Une femme dans une rue de Mogadiscio le 25 mai 2013
Eine Frau auf einer Straße in Mogadischu 25. Mai 2013
Une femme dans une rue de Mogadiscio le 25 mai 2013
afp.com – Tobin Jones

Depuis deux ans, la fragile armée somalienne, épaulée par une force de l’Union africaine (UA) et, depuis 18 mois, par un contingent éthiopien, a repris l’ensemble des bastions des insurgés islamistes shebab dans le sud et le centre du pays.
Mais étendre sur les territoires reconquis l’autorité du gouvernement central – qui jusqu’à la mi-2011 contrôlait à peine quelques quartiers de Mogadiscio – s’avère bien plus compliqué.

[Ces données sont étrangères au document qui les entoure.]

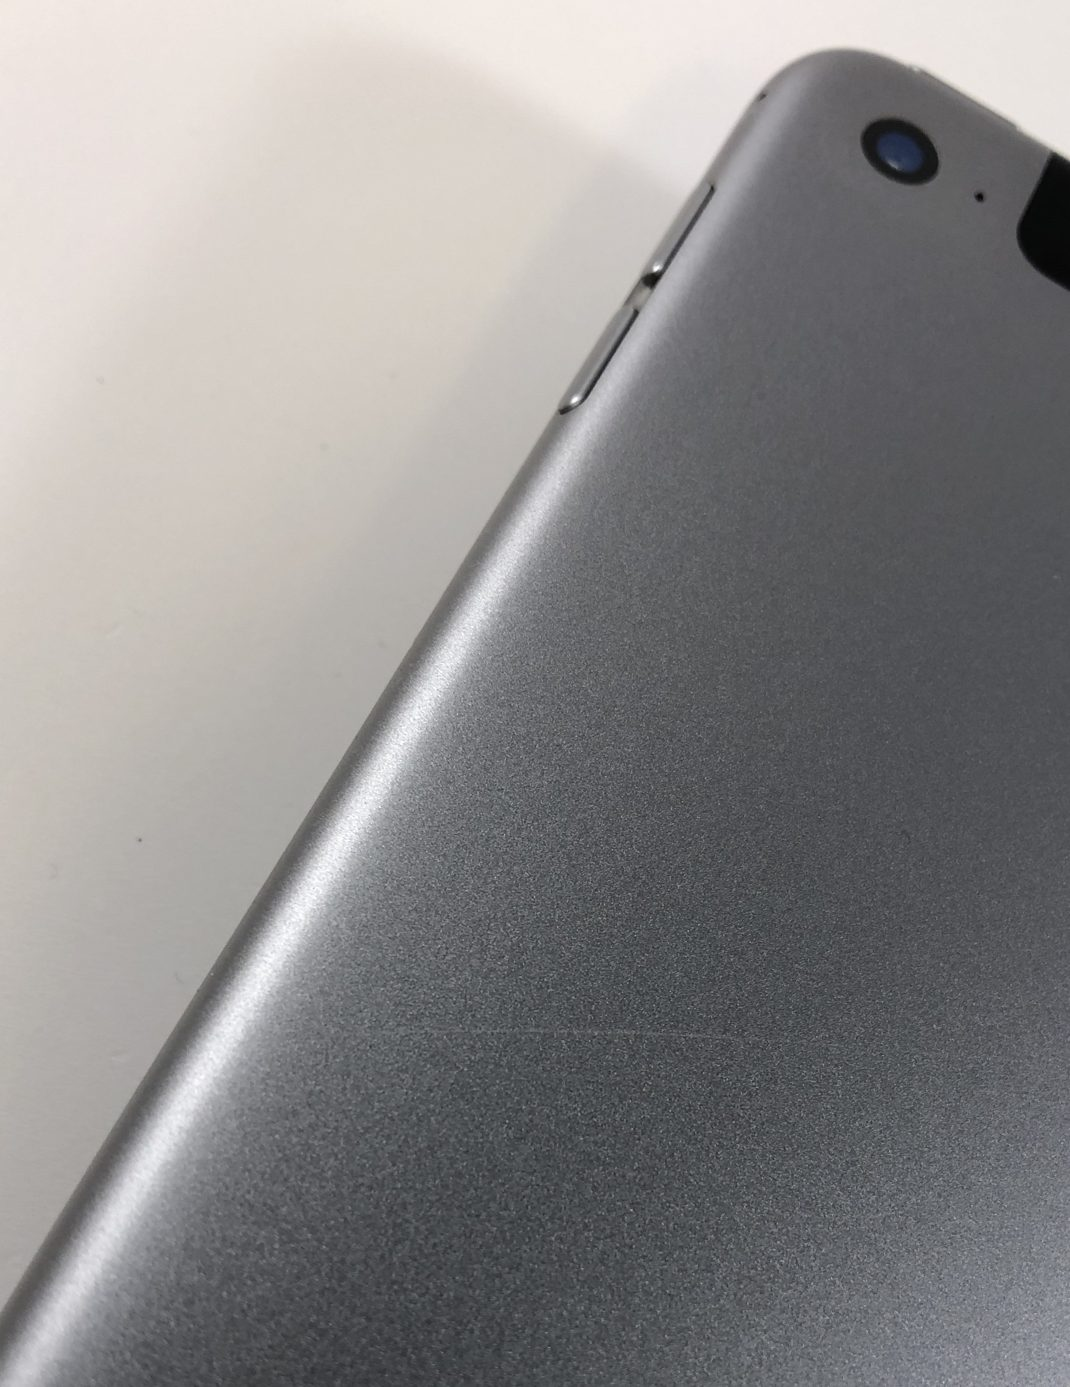 iPad Air 2 Wi-Fi + Cellular 64GB, 64GB, Space Gray, Kuva 3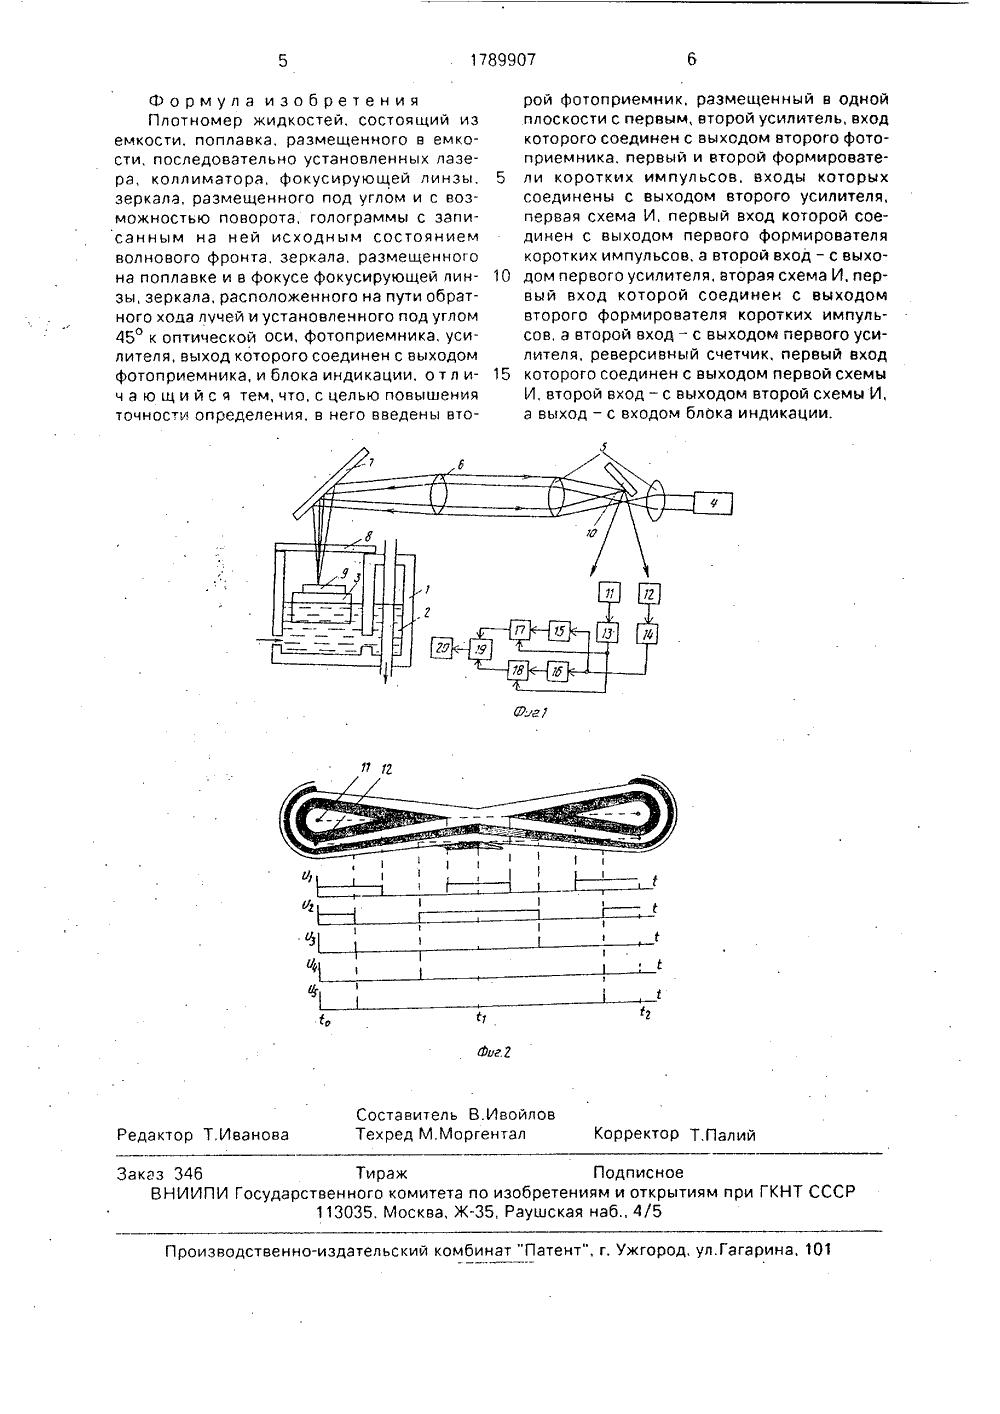 плотномер схема

“En Somalie, aujourd’hui, il n’y a qu’un gouvernement fédéral, appartenant au peuple somalien et représentant tous les Somaliens et toutes les régions”, a assuré ces derniers jours le président somalien, Hassan Cheikh Mohamoud.
L’élection du chef de l’Etat en septembre a suscité l’espoir d’enfin voir une autorité centrale se dessiner en Somalie. Il est à la tête des premières autorités “pérennes” du pays depuis la chute du président Siad Barre en 1991: en deux décennies, le pays n’avait jusqu’ici vu se succéder que des autorités de transition sans réel pouvoir.
Mais la persistance de puissantes milices, affiliées à des chefs de guerre et soutenues par des armées étrangères, relativise sérieusement l’ampleur du pouvoir qu’il détient.
Le “Jubaland”, symbole de toute les divisions
Les récentes tentatives pour créer un Etat dit du “Jubaland”, dans le sud somalien, ont cristallisé ces dissensions.
La zone concernée borde l’océan Indien, le Kenya et l’Ethiopie, regroupe trois régions administratives, et a changé une dizaine de fois de main depuis 1991. Aujourd’hui, les shebab se la partagent avec diverses milices, certaines soutenues par les armées kényane ou éthiopienne, entrées fin 2011 en Somalie.
En mai, deux importants chefs de guerre locaux se sont déclarés élus “président” du “Jubaland”, déclenchant la colère des autorités de Mogadiscio qui ont assuré qu’elles ne reconnaîtraient aucun des deux.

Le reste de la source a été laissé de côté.